Gender Work and Family in a Chinese Economic Zone

Gender  Work  and Family in a Chinese Economic Zone
Author: Nancy E Riley
Publsiher: Springer Science & Business Media
Total Pages: 169
Release: 2012-11-06
Genre: Social Science
ISBN: 9789400755246

Download Gender Work and Family in a Chinese Economic Zone Book in PDF, Epub and Kindle

This book examines the dynamics of power within the families of married women who have migrated from rural areas to China's Dalian Economic Zone. Engaging the question of whether waged work gives women power in their families, this ethnographic study finds that women do indeed use their new positions and urban status to negotiate their family status. However, women use these new resources not necessarily to promote their own individual liberation, but rather to strengthen their contribution as wives and, especially, as mothers. Thus, this new modernity provides a space for the re-inscribing of traditional roles, even as it may work to give women new-found power within their families. How and why this process occurs is related to the dual inequalities these women face as rural migrants and as women.

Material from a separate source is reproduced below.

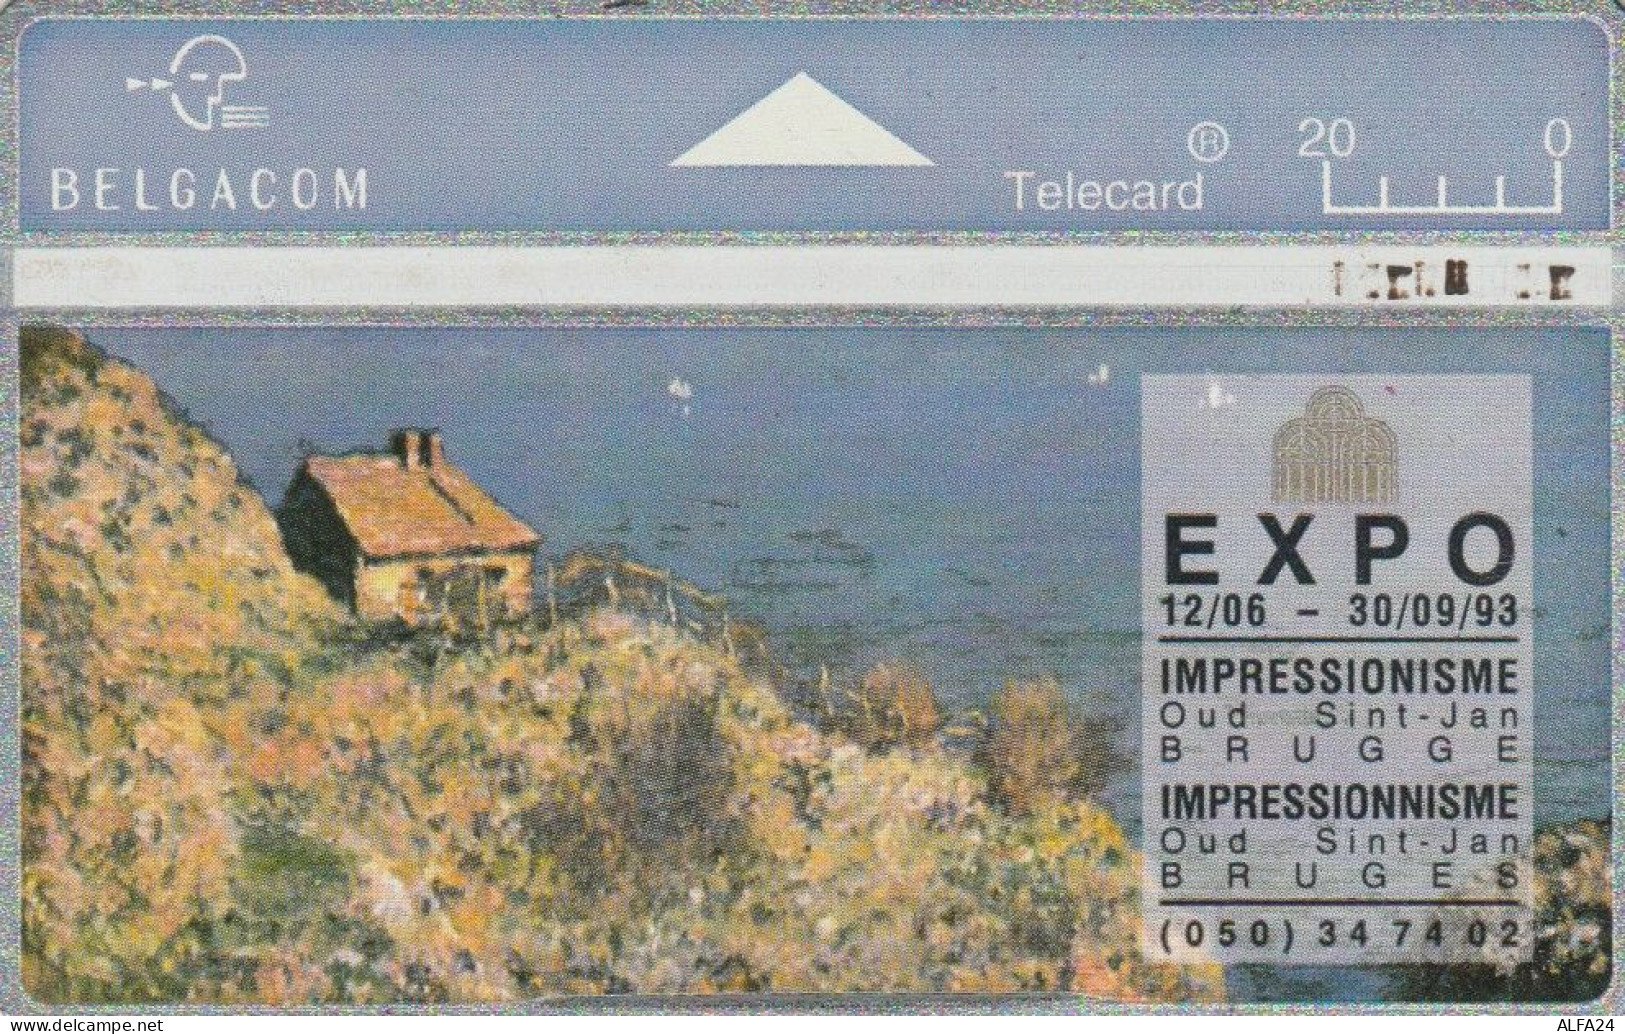 PHONE CARD BELGIO LANDIS (M.57.7 - Senza Chip

Women s Liberation and Gender Obligation Equality in Urban China

Women s Liberation and Gender Obligation Equality in Urban China
Author: Jiping Zuo
Publsiher: Unknown
Total Pages: 25
Release: 2006
Genre: Work and family
ISBN: OCLC:159940713

Download Women s Liberation and Gender Obligation Equality in Urban China Book in PDF, Epub and Kindle

Islam Family Life and Gender Inequality in Urban China

Islam  Family Life  and Gender Inequality in Urban China
Author: Xiaowei Zang
Publsiher: Routledge
Total Pages: 366
Release: 2012-06-12
Genre: Social Science
ISBN: 9781136588754

Download Islam Family Life and Gender Inequality in Urban China Book in PDF, Epub and Kindle

This book studies the relationship between Islam, family processes, and gender inequality among Uyghur Muslims in Ürümchi, China. Empirically, it shows in quantitative terms the extent of gender inequalities among Uyghur Muslims in Ürümchi and tests whether the gender inequalities are a difference in kind or in degree. It examines five aspects of gender inequality: employment, income, household task accomplishment, home management, and spousal power. Theoretically, it investigates how Islamic affiliation and family life affect Uyghur women’s status. Zang’s research involved rare and privileged access to a setting which is difficult for foreign scholars to study due to political restrictions. The data are drawn from fieldwork in Ürümchi between 2005 and 2008, which include a survey of 577 families, field observations, and 200 in-depth interviews with local Uyghurs. The book combines qualitative and quantitative data and methods to study gendered behavior and outcomes. The author’s study reinterprets family power and offers a more nuanced analysis of gender and domestic power in China and makes a pioneering effort to study spousal power, gender inequality in labor market outcomes, and gender inequality in household chores among members of ethnic minorities in China. The book will be of interest to students and scholars of ethnic studies, Chinese studies, Asian anthropology and cultural sociology.

Re Drawing Boundaries

Re Drawing Boundaries
Author: Barbara Entwisle,Gail Henderson
Publsiher: Univ of California Press
Total Pages: 366
Release: 2000-11-07
Genre: Business & Economics
ISBN: 0520220919

Download Re Drawing Boundaries Book in PDF, Epub and Kindle

The essays in this volume explore various aspects of work in China, including the nature of work, gender inequalities in work, gender and work in the context of migration, and the reciprocal influences of households and work organization.